*** Opening of GIVEN INFORMATION ***
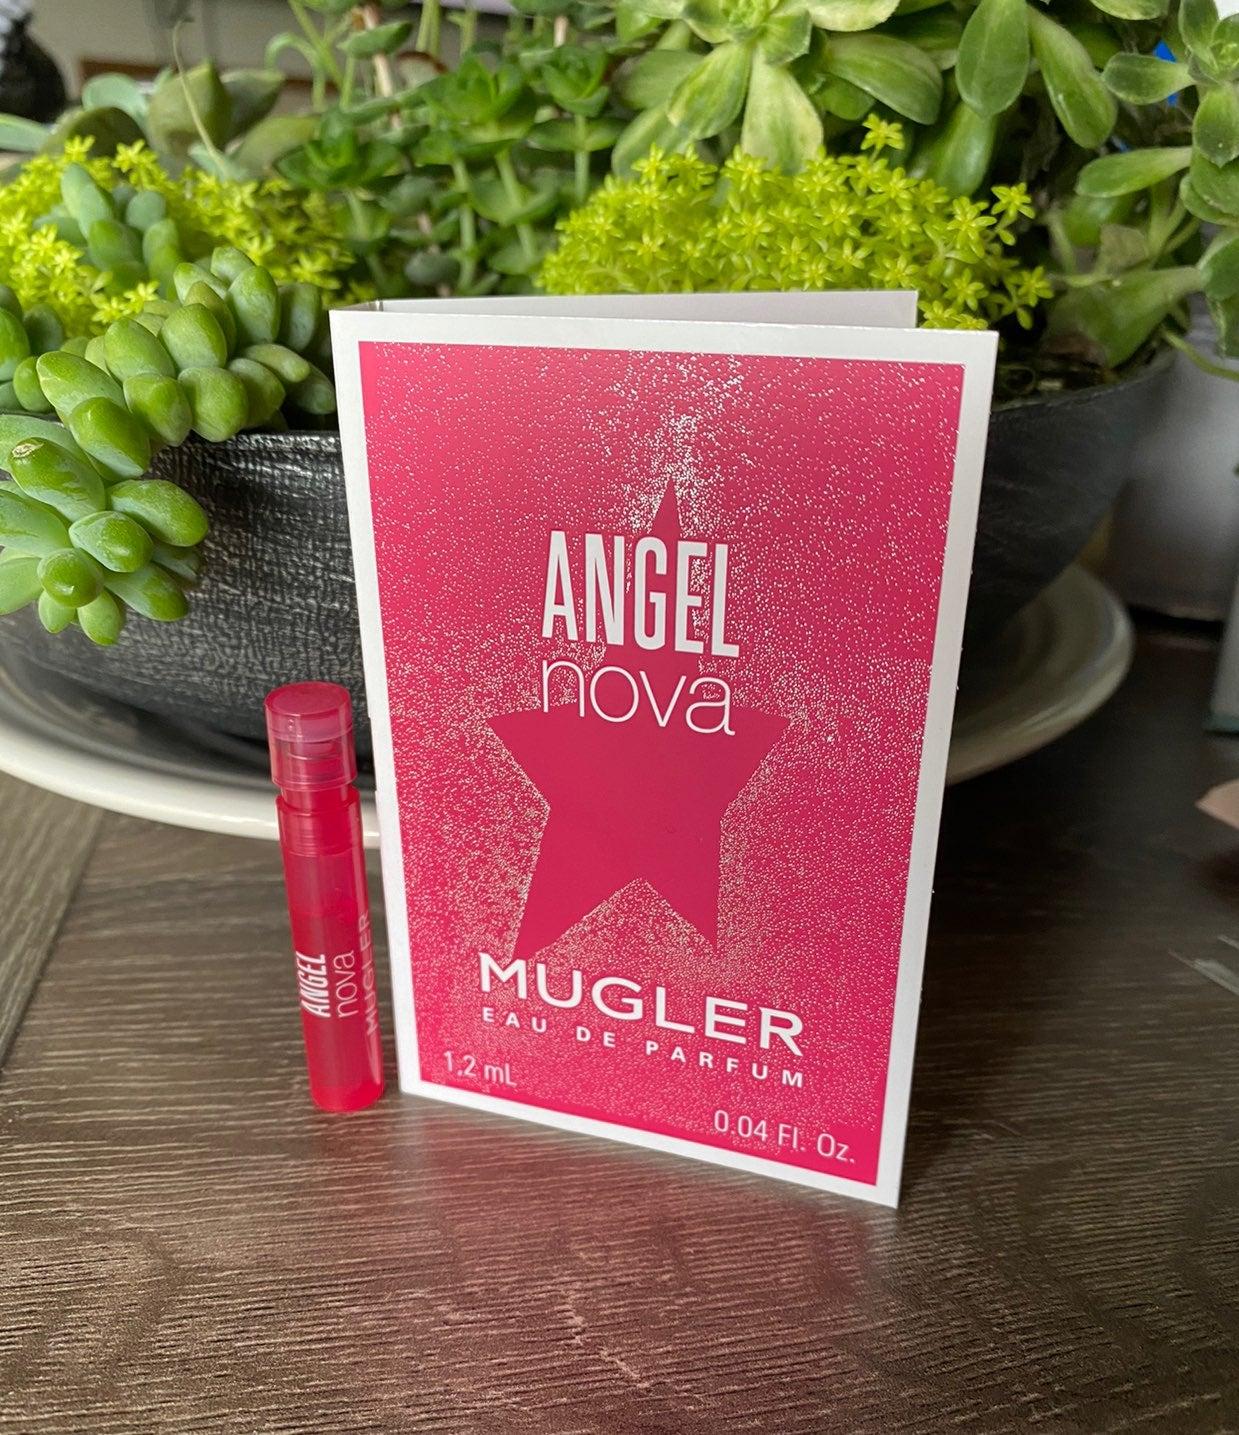 MUGLER ANGEL NOVA EDP 1.2ml SPRAY
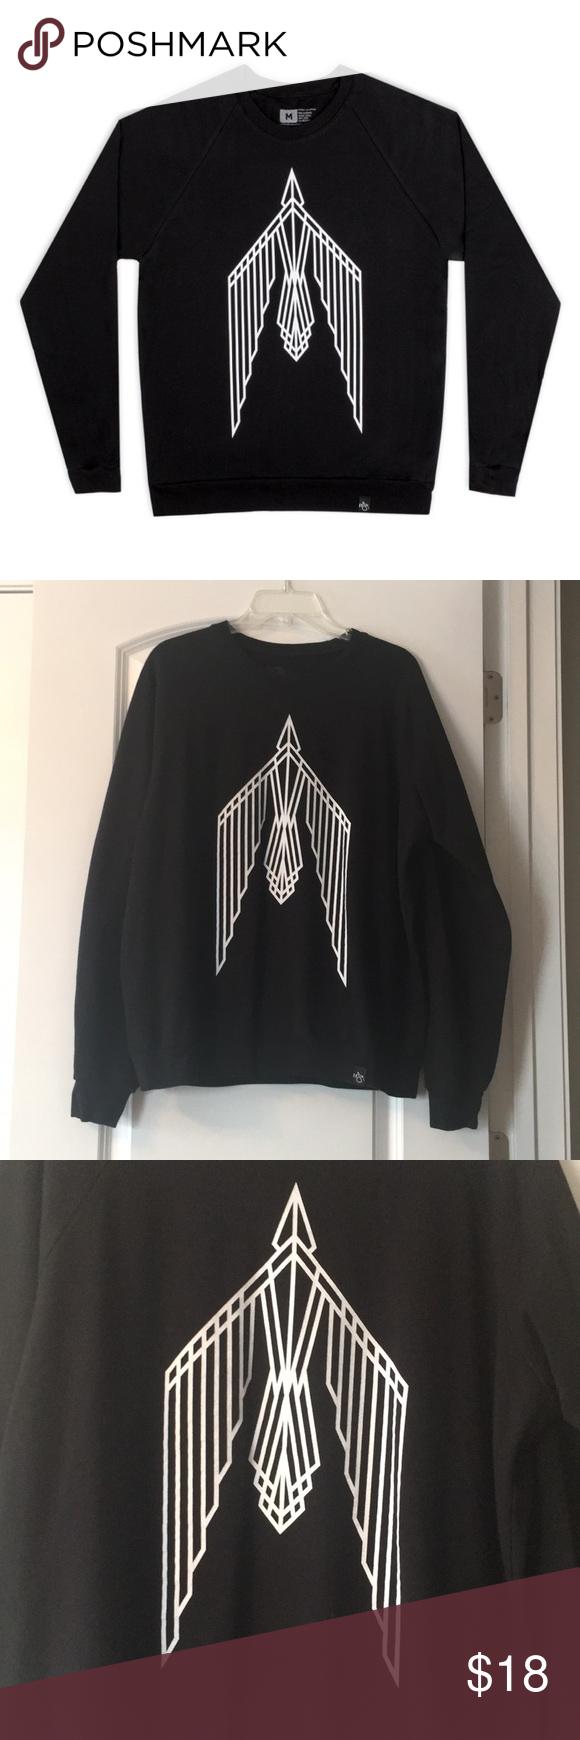 Black And White Sweatshirt Black Sweatshirt Outfit Sweatshirts White Sweatshirt [ 1740 x 580 Pixel ]
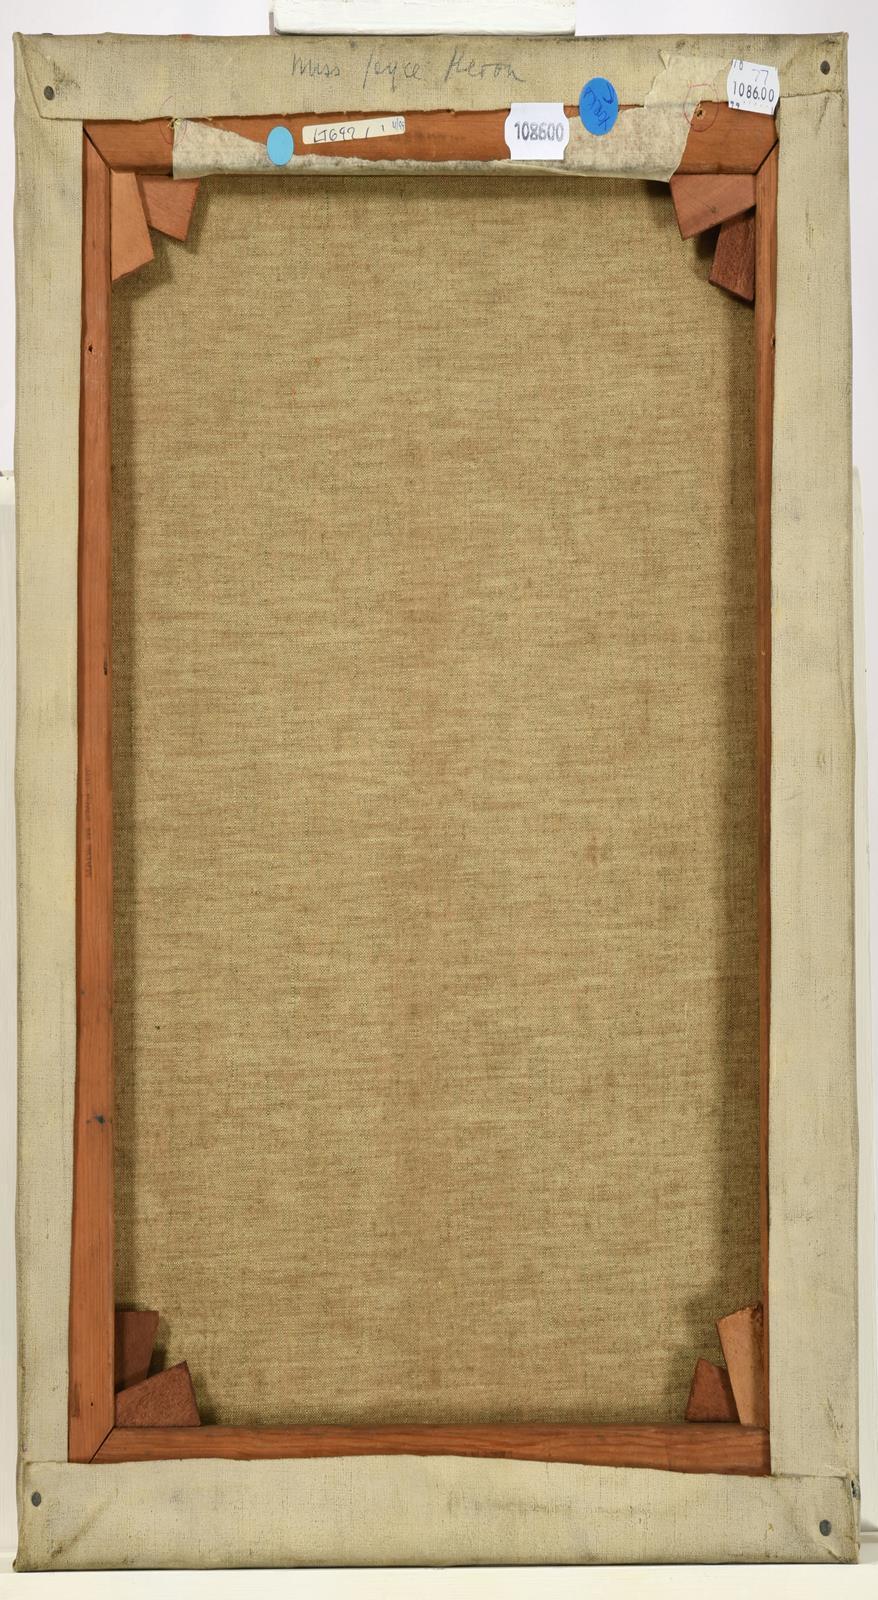 Jacob Kramer (1892-1962) ''Miss Joyce Heron'', head and shoulders portrait sketch in profile Signed, - Image 2 of 2
*** Close of GIVEN INFORMATION ***
Your reply should hold exactly the lines from the line containing "Black And White" through the final line of the listing, and none of the pictures.

■ FINISHED EXERCISE:
 Black And White Sweatshirt Black Sweatshirt Outfit Sweatshirts White Sweatshirt [ 1740 x 580 Pixel ]
 Jacob Kramer (1892-1962) ''Miss Joyce Heron'', head and shoulders portrait sketch in profile Signed, - Image 2 of 2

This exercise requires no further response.